De dood dwaalt deze maand door mijn leven.
Meerdere mensen zal ik vanaf nu nooit meer in levende lijve kunnen zien. De Grote K, ouderdom, ongeluk, het komt allemaal voorbij.
De dood maakt helaas geen uitzonderingen.
Juist de mensen die je een lang en gelukkig leven gunt zijn er plotsklaps niet meer. Weggerukt. En er is niets aan te doen.
Soms speelt de dood een macaber spelletje. Vorige week werd ik gebeld: “Neem maar afscheid van overgrootoma, de arts denkt dat ze nog hooguit een dag te leven heeft.”
Ik haalde Zoon eerder uit school. Verwachtingsvol keek hij mij aan. “Naar welk pretpark gaan we?” vroeg hij enthousiast. “Nou,” begon ik, “Ik heb helaas heel erg vervelend nieuws lieverd.”
We reden zo snel als de Kia kon naar het huis van oma.
Huilend knuffelde zoon zijn overgrootmoeder. Waarop ze spontaan begon te rochelen. Ze deed haar ogen open, maar ze had niet echt door wat er aan de hand was. Niet veel later sliep ze weer.
Zoon huilde de longen uit zijn lijf, maar wat was hij dankbaar dat hij oma nog even levend gezien had.
De dag erop deed oma haar ogen open. Ze begon te kletsen en bewees weer eens hoe eigenwijs ze is: “Ik ga wanneer ík dat wil.”
Anderen is het helaas niet gegund.
“Zojuist is ze overleden,” kreeg ik op mijn scherm te zien.
“Hij was niet eens ziek, maar we houden ons vast aan het idee dat hij er geen weet van gehad heeft,” stond er in een ander bericht.
“Net 16 jaar, zijn moeder gaat helemaal stuk,” in weer een andere app.

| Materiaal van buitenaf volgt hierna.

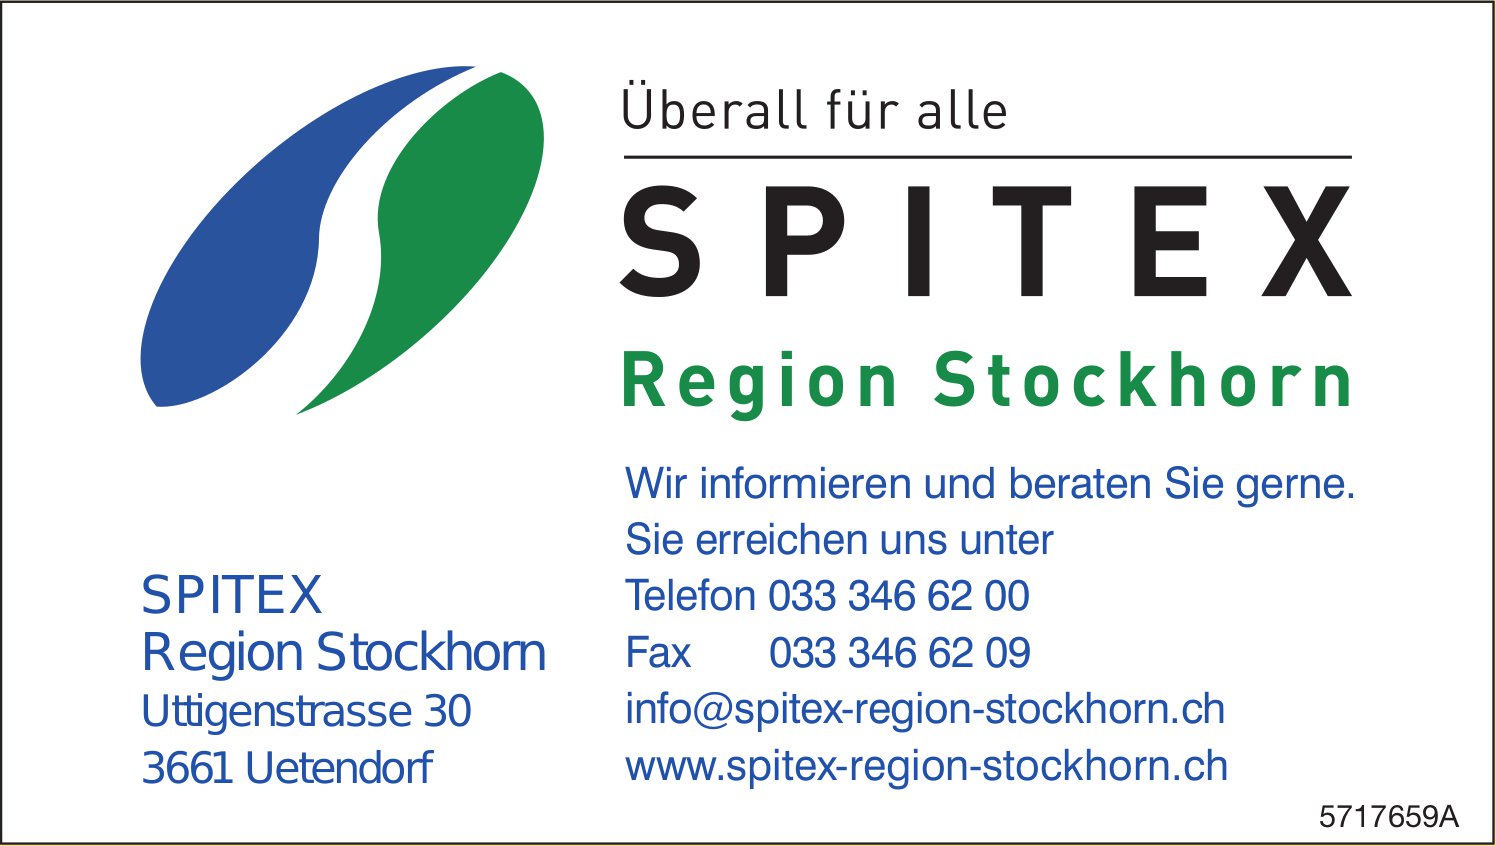 Spitex Region Stockhorn, Uetendorf - Wir informieren und beraten Sie gerne.

De dood loert. Zoveel is duidelijk.
En het leven gaat door. Ademen en verder gaan. Meer kan je niet doen.
De dood heeft mij deze maand bij de keel gegrepen. Een wrang gevoel maakt zich van mij meester. Ik maak een terugtrekkende beweging en merk dat ik heel graag alleen ben. Emoties verwerken.
Misschien hoort het bij mijn leeftijd.
Dat na je veertigste de geliefden beginnen met omvallen. Geen idee. Ik ben nog nooit eerder veertig-plus geweest.
Youp zong het ooit, bijna zuiver; “Leef je leven als het allerlaatste uur.”
Laat ik daar maar eens mee beginnen.
Precies. Dat. Doen. Waanzinnig mooi nummer trouwens…
Prachtig stuk! Maar zoals ene Epiricus als zei: “De dood gaat ons niet aan. Zolang wij er zijn, is de dood er niet; en wanneer de dood er is, zijn wij er niet.” Een schrale troost, maar toch..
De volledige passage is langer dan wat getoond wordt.